◆ Exercise directions
Only the lines from the one that contains "A brooch with" through the last line of the data below should be duplicated, exactly and without pictures.

◆ Given data
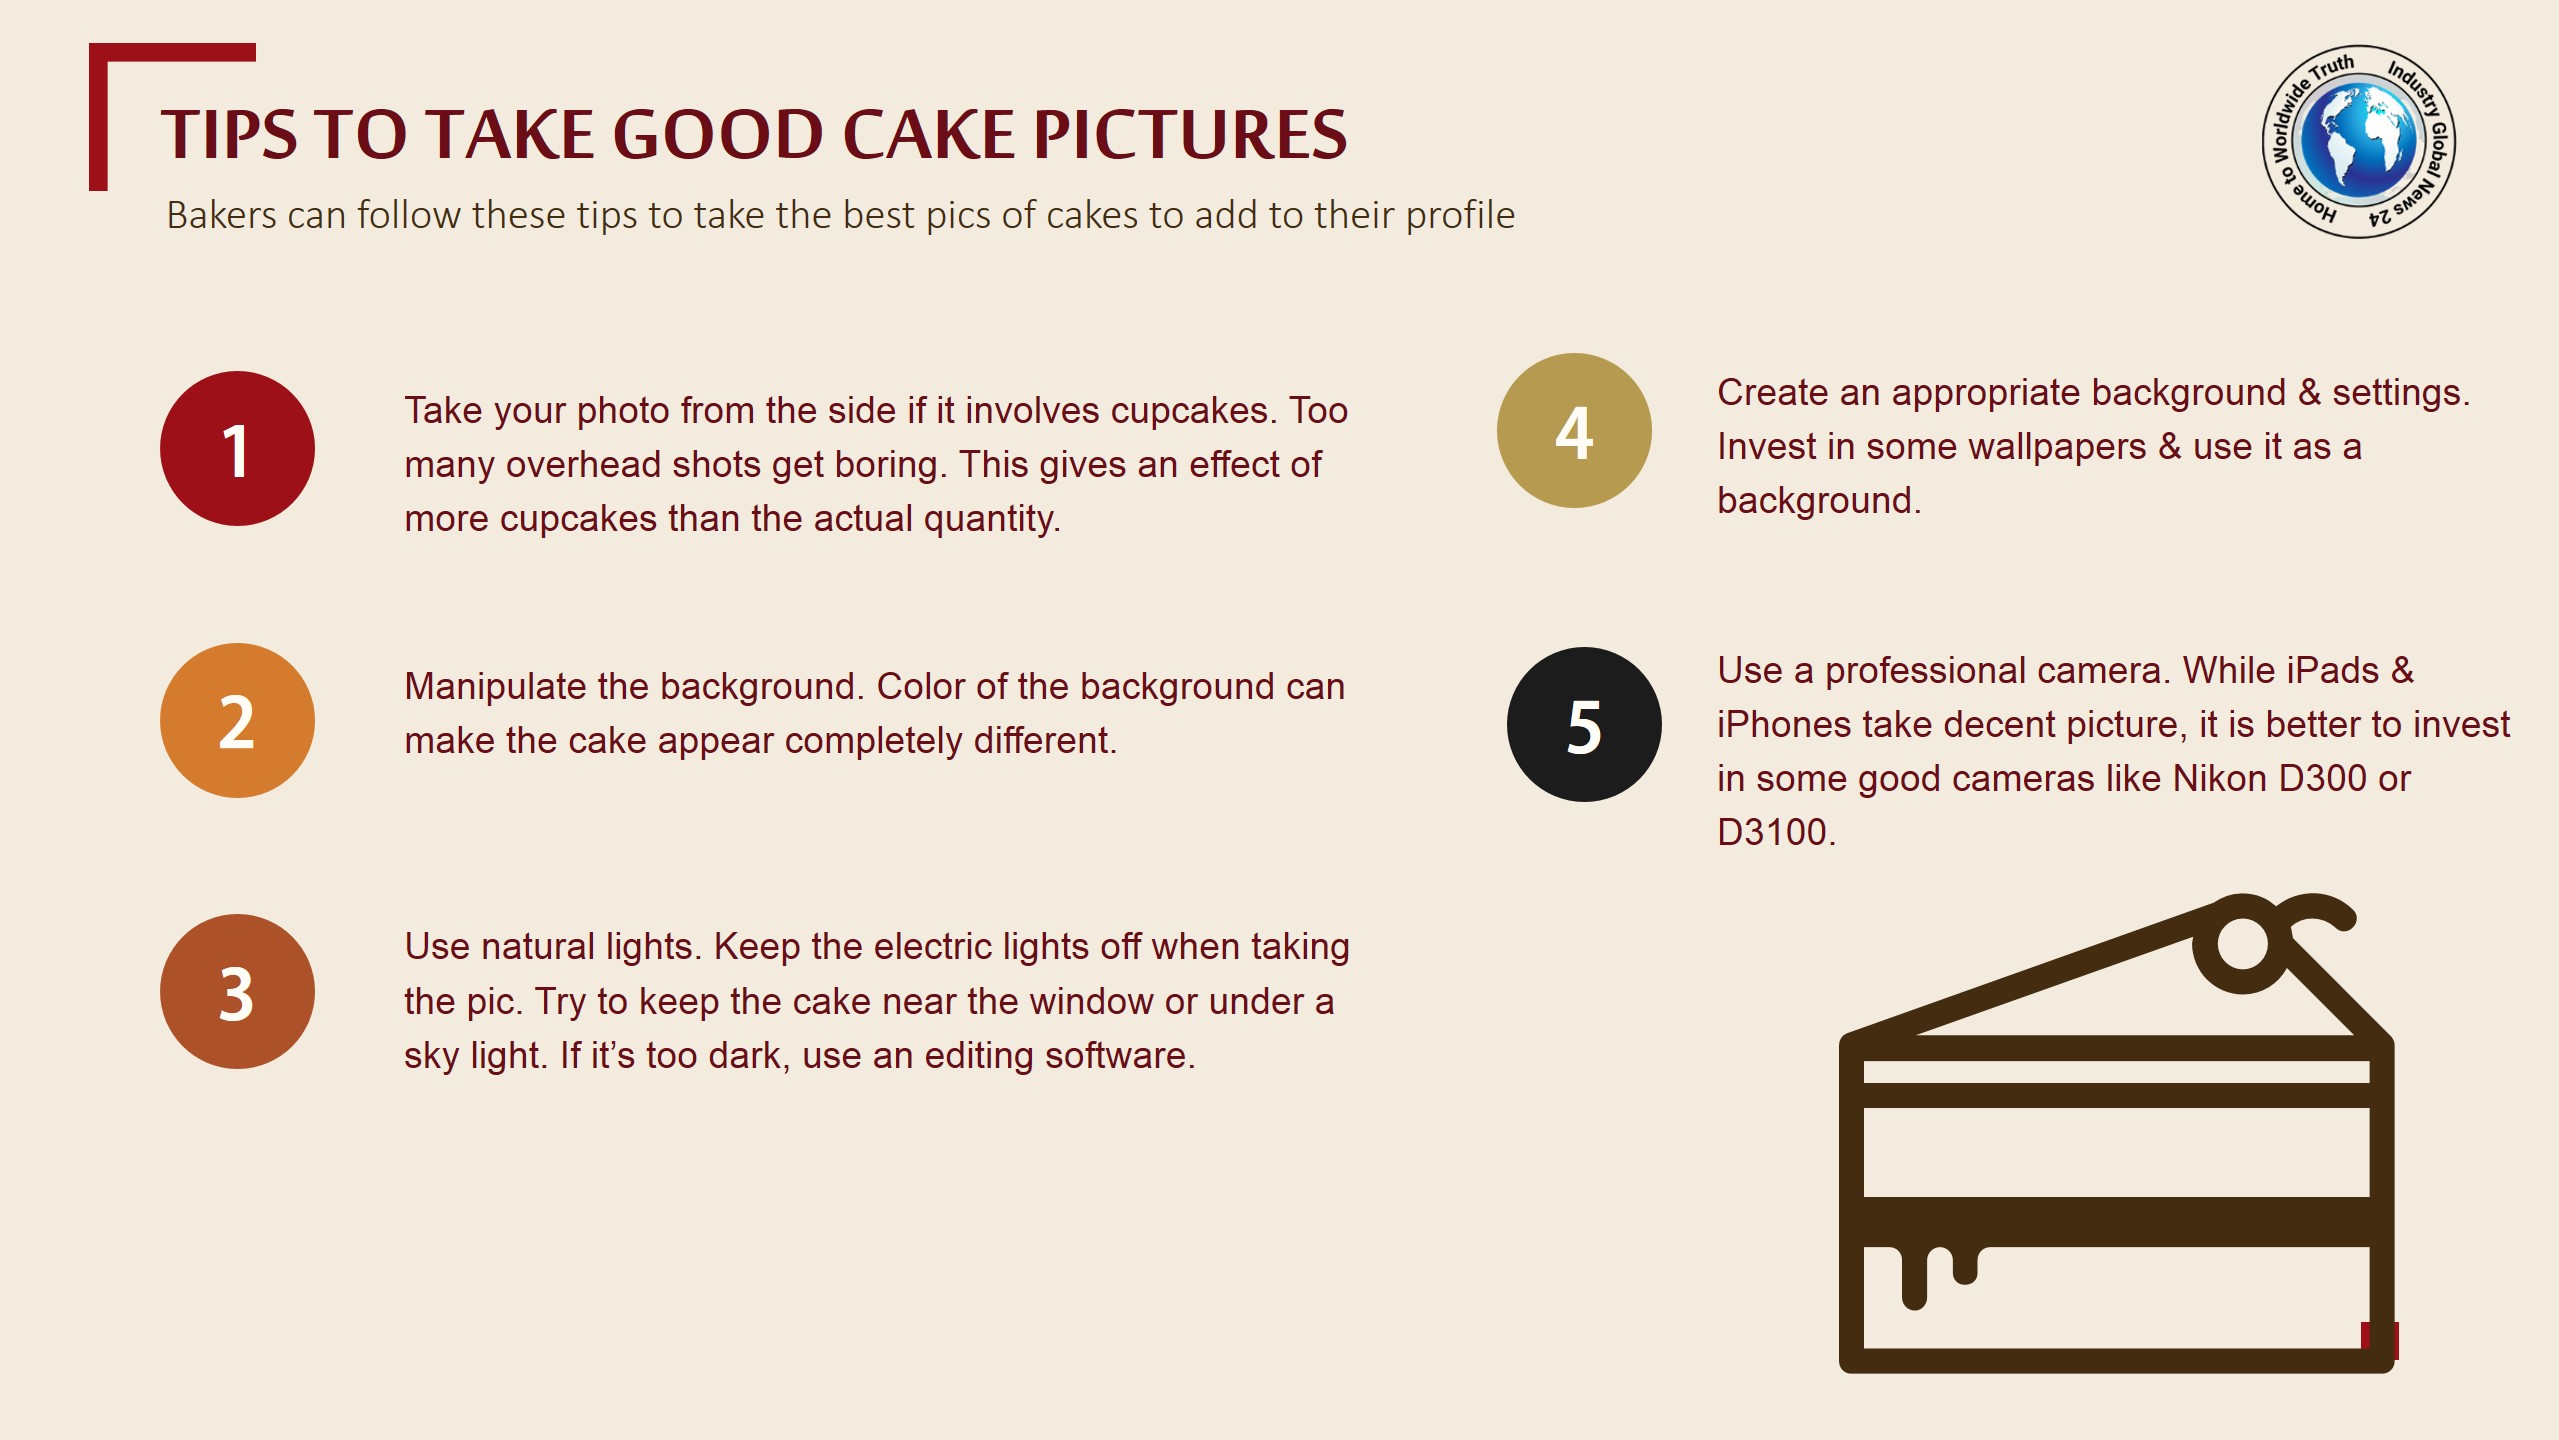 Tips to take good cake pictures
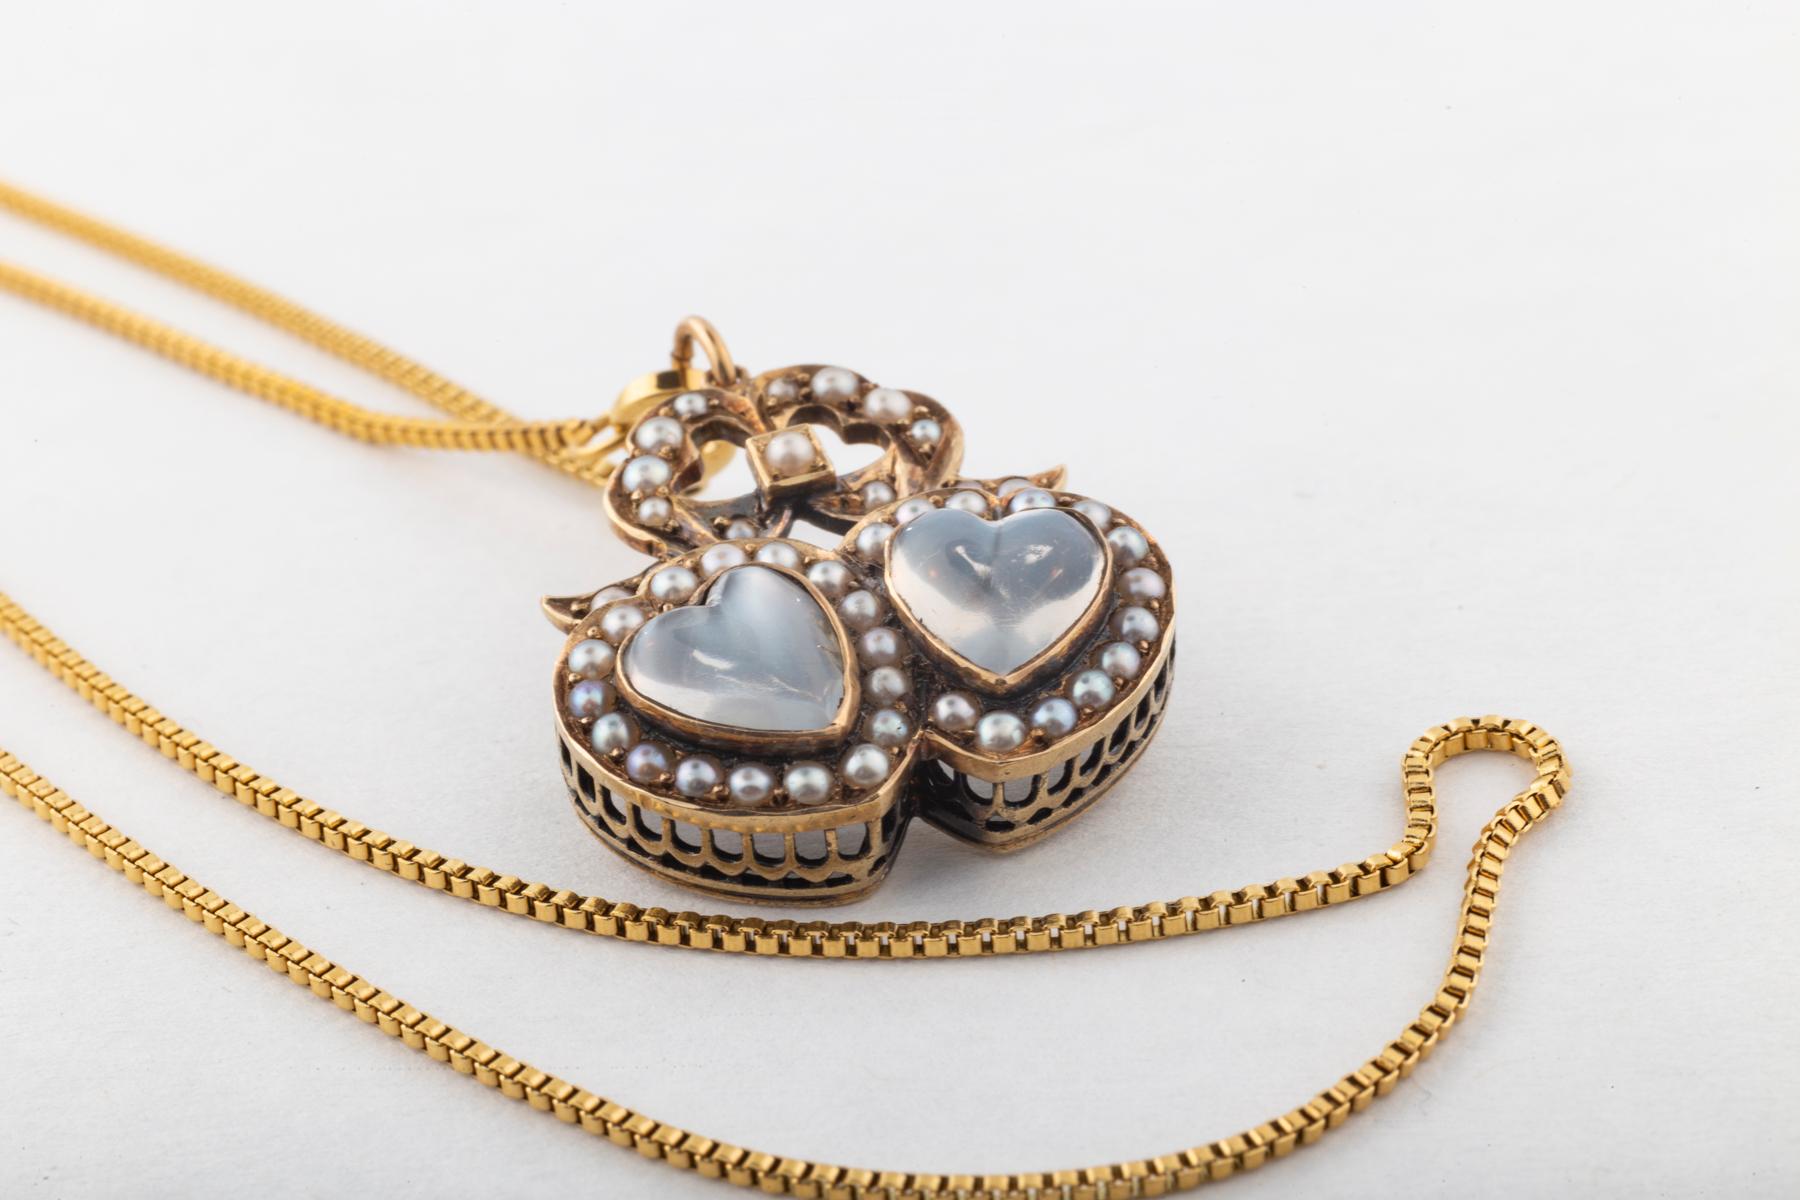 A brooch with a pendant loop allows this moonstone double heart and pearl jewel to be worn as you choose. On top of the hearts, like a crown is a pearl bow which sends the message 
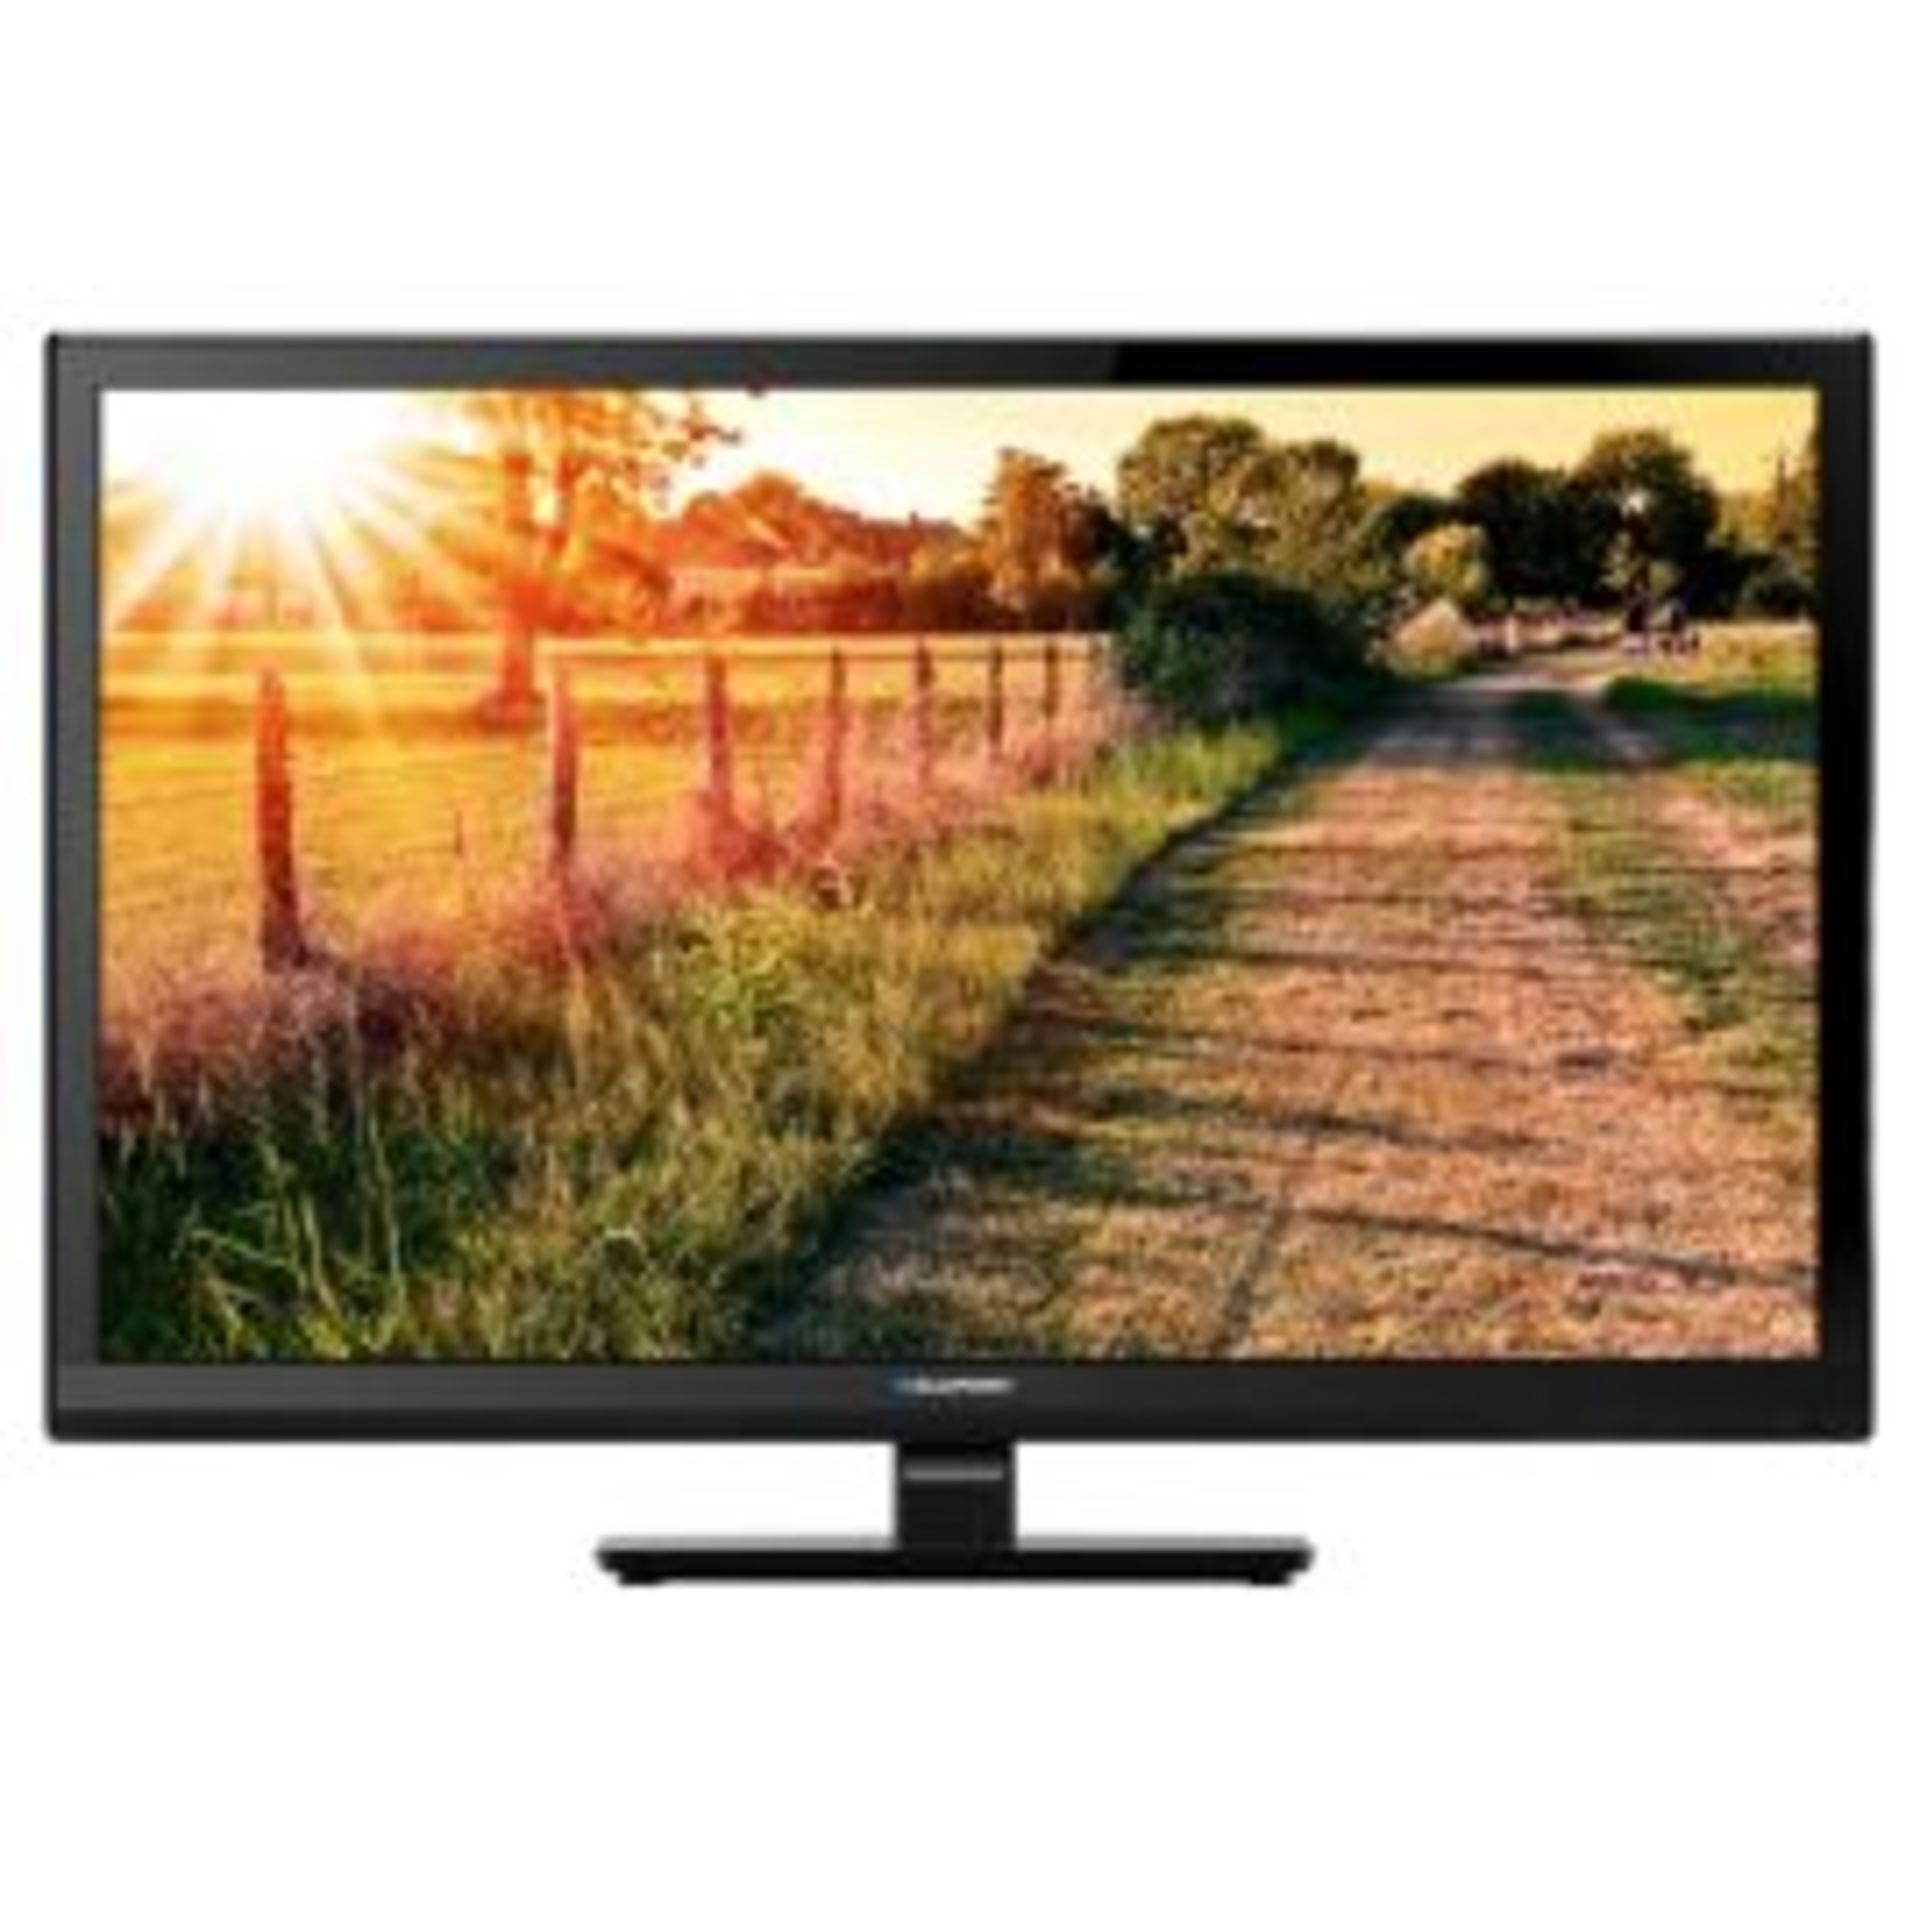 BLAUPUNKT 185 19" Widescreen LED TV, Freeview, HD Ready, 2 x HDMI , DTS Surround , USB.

◆ The completed task
 A brooch with a pendant loop allows this moonstone double heart and pearl jewel to be worn as you choose. On top of the hearts, like a crown is a pearl bow which sends the message 
 BLAUPUNKT 185 19" Widescreen LED TV, Freeview, HD Ready, 2 x HDMI , DTS Surround , USB.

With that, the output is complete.